■ YOUR OBJECTIVE
Transcribe the data exactly. Pictures stay out.

■ THE DATA
○ ○ ○ ○ ○ ○ ○
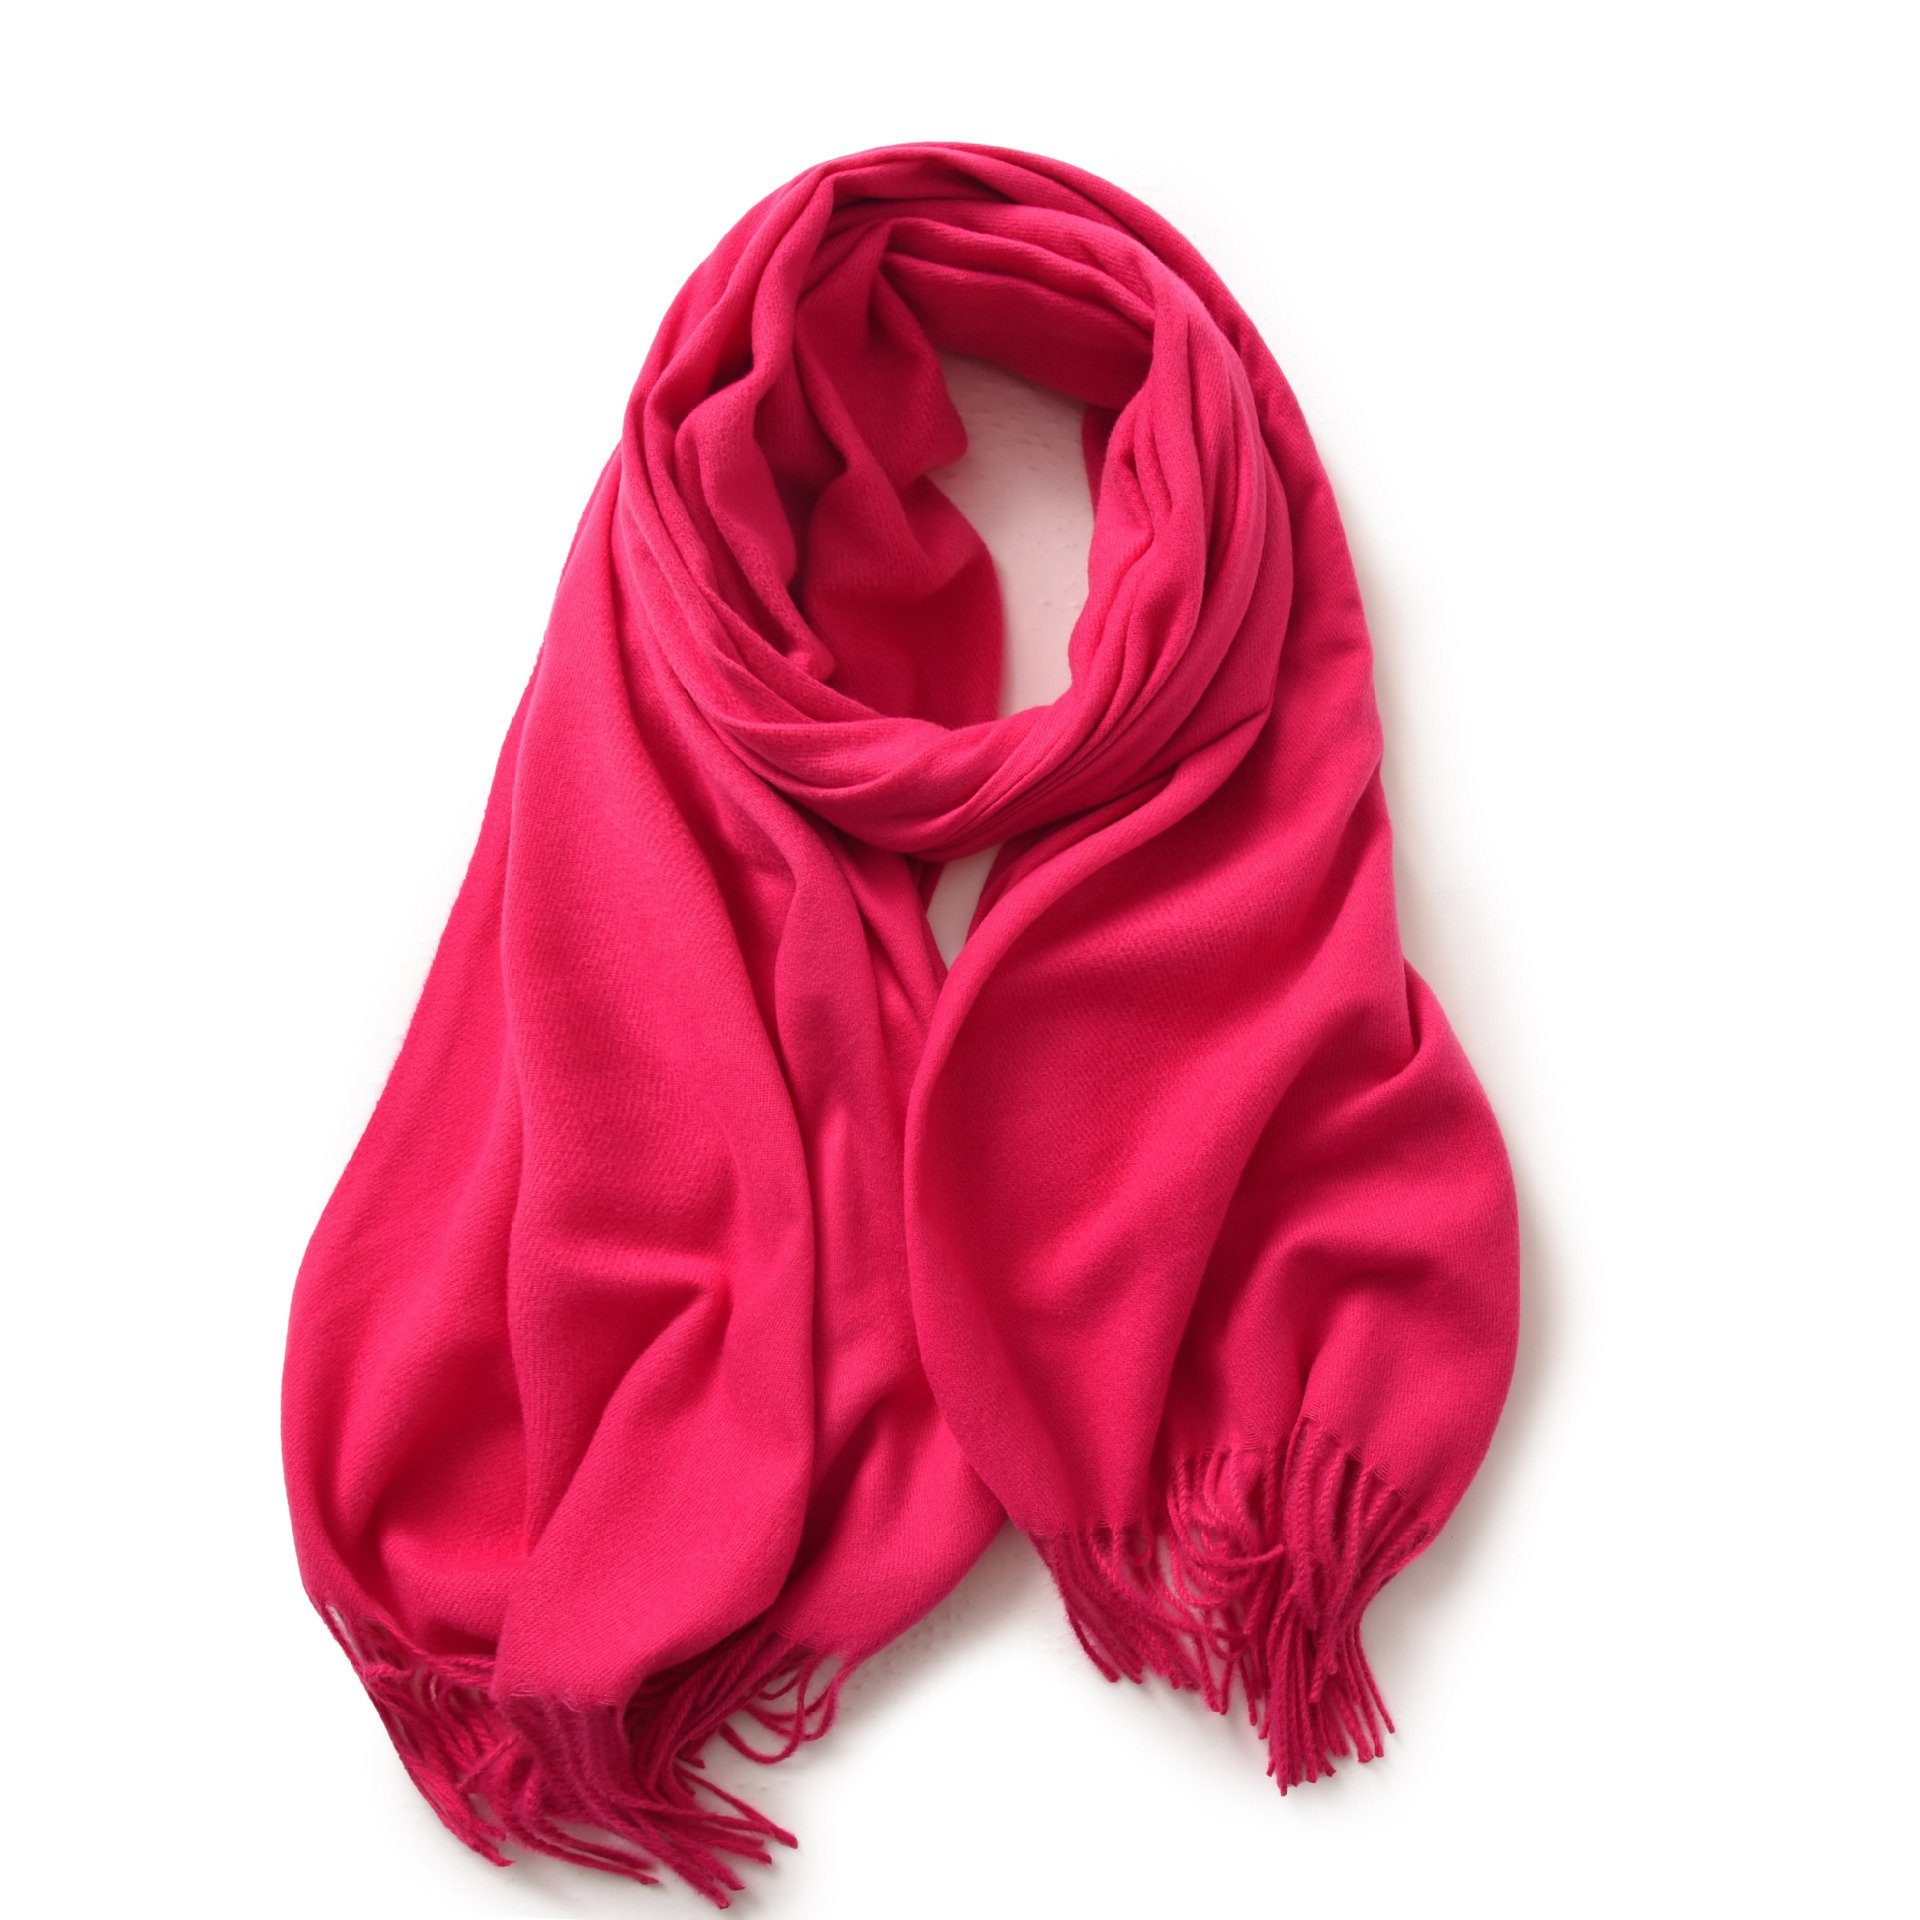 XDeer Modeschal Damen Schal,kuschelweich,Winter Schal Poncho Qualität,Neuer Stil, Damen Halstuch Geschenk für Frauen in verschiedenen Farben pink02
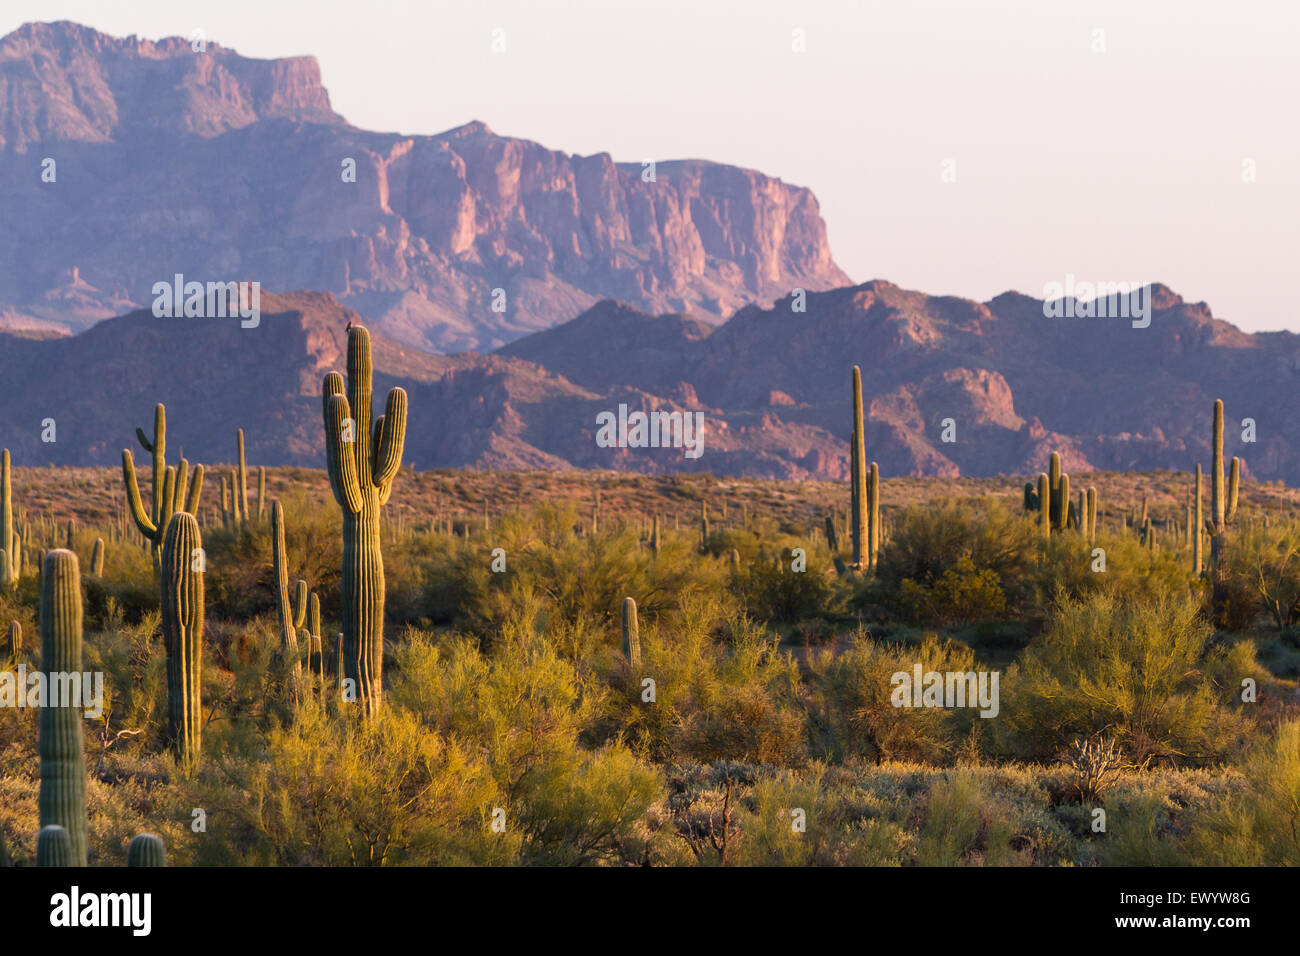 Désert de l'Arizona paysage avec saguaro cactus au printemps Banque D'Images
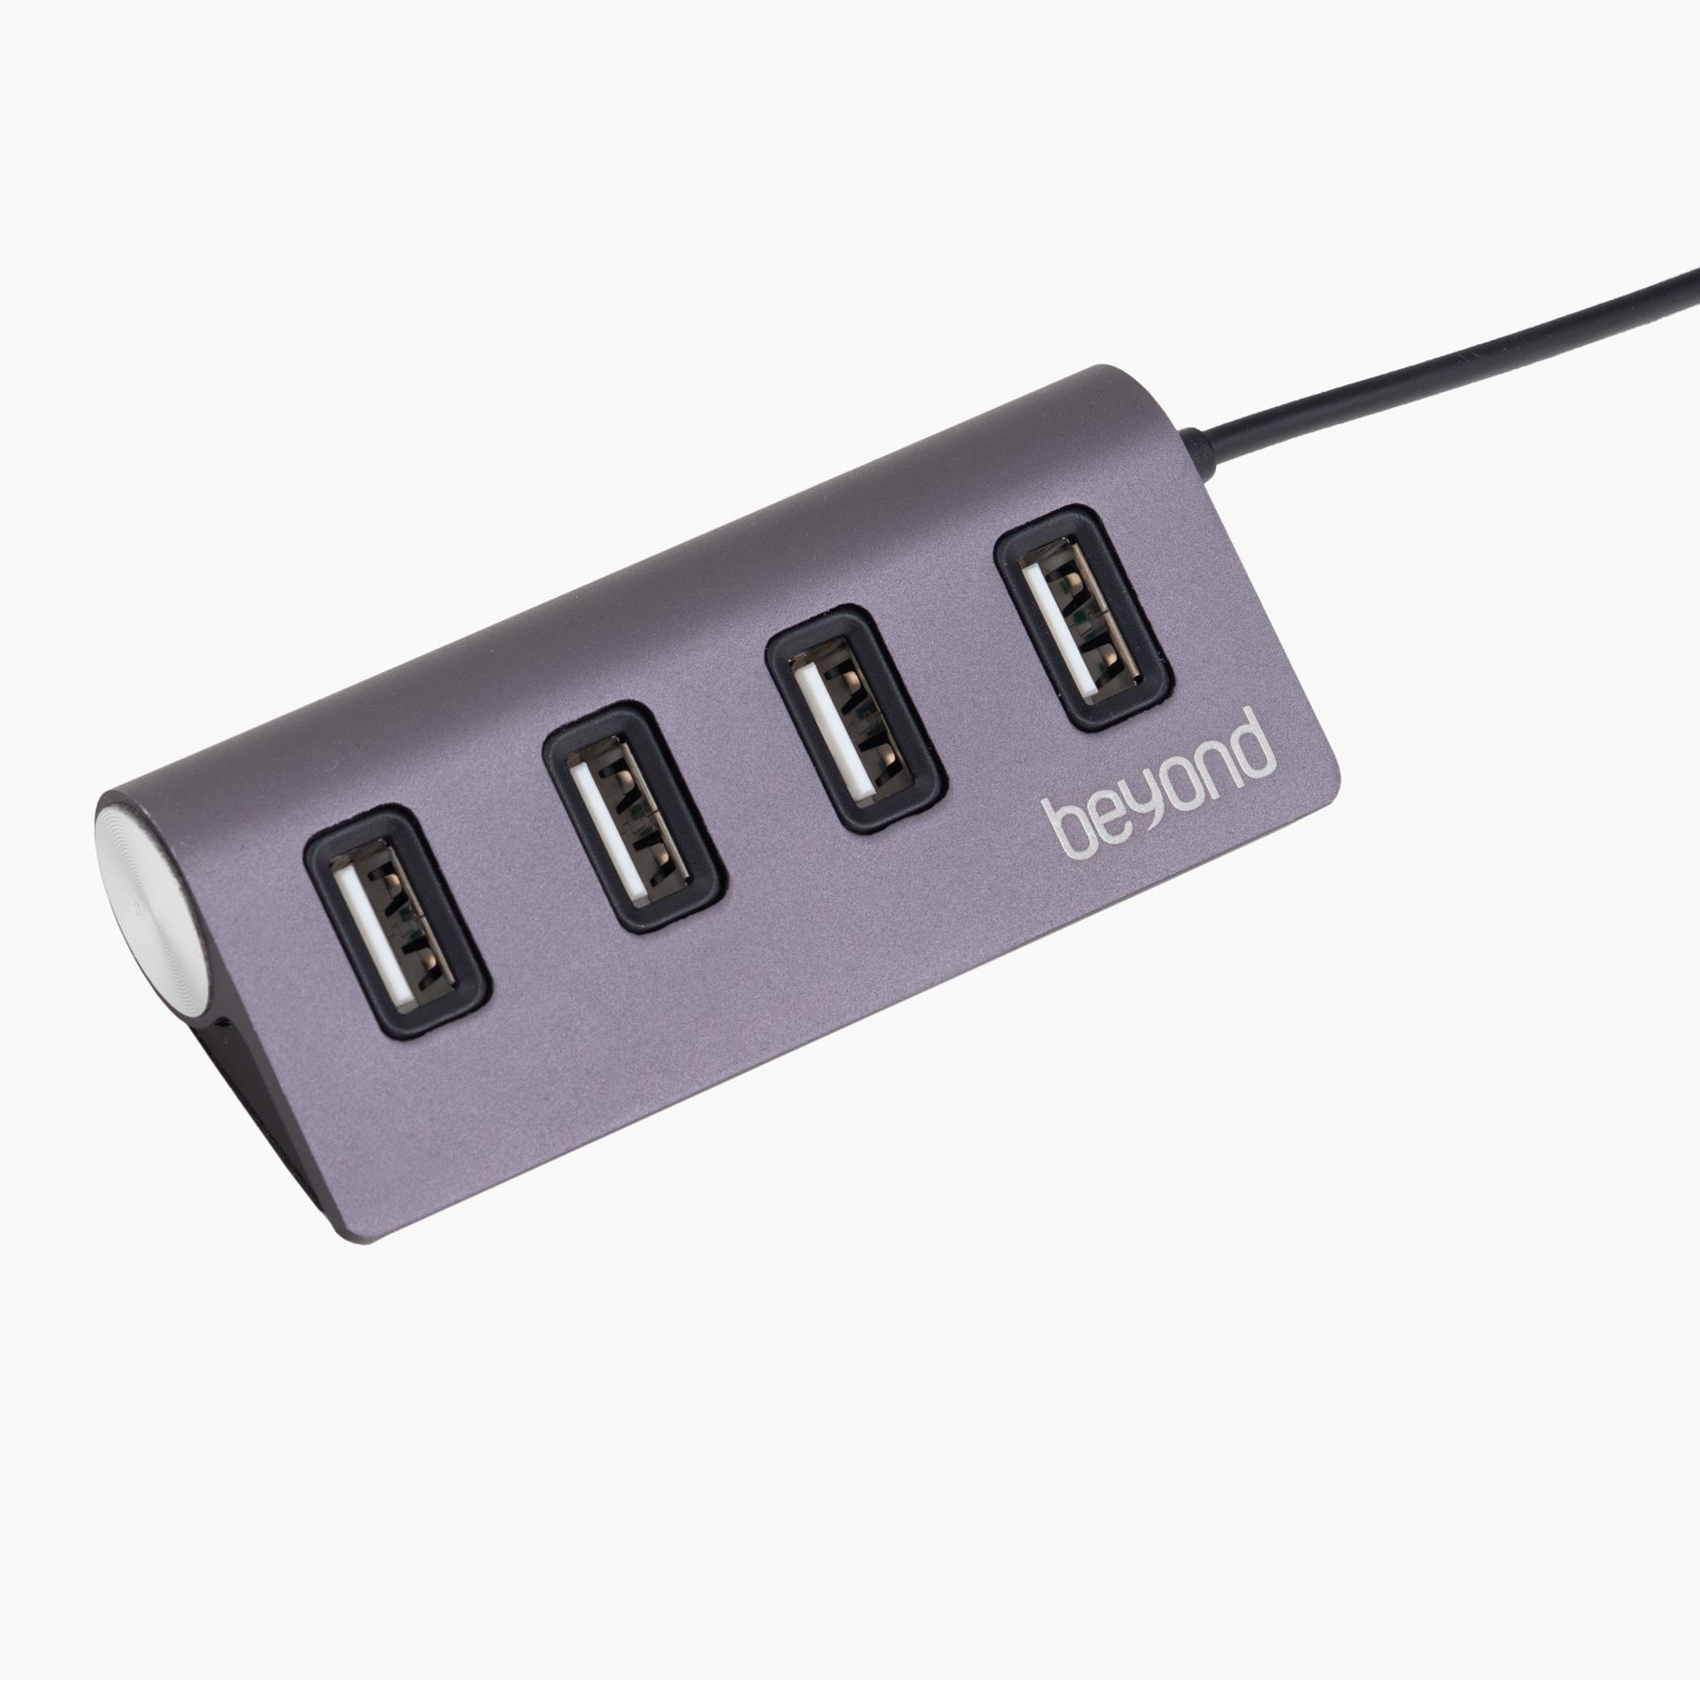 هاب 4 پورت USB 2.0 بیاند مدل BA-409
○ ○ ○ ○ ○ ○ ○
■ OUTPUT OF THE TASK
 XDeer Modeschal Damen Schal,kuschelweich,Winter Schal Poncho Qualität,Neuer Stil, Damen Halstuch Geschenk für Frauen in verschiedenen Farben pink02
 Désert de l'Arizona paysage avec saguaro cactus au printemps Banque D'Images
 هاب 4 پورت USB 2.0 بیاند مدل BA-409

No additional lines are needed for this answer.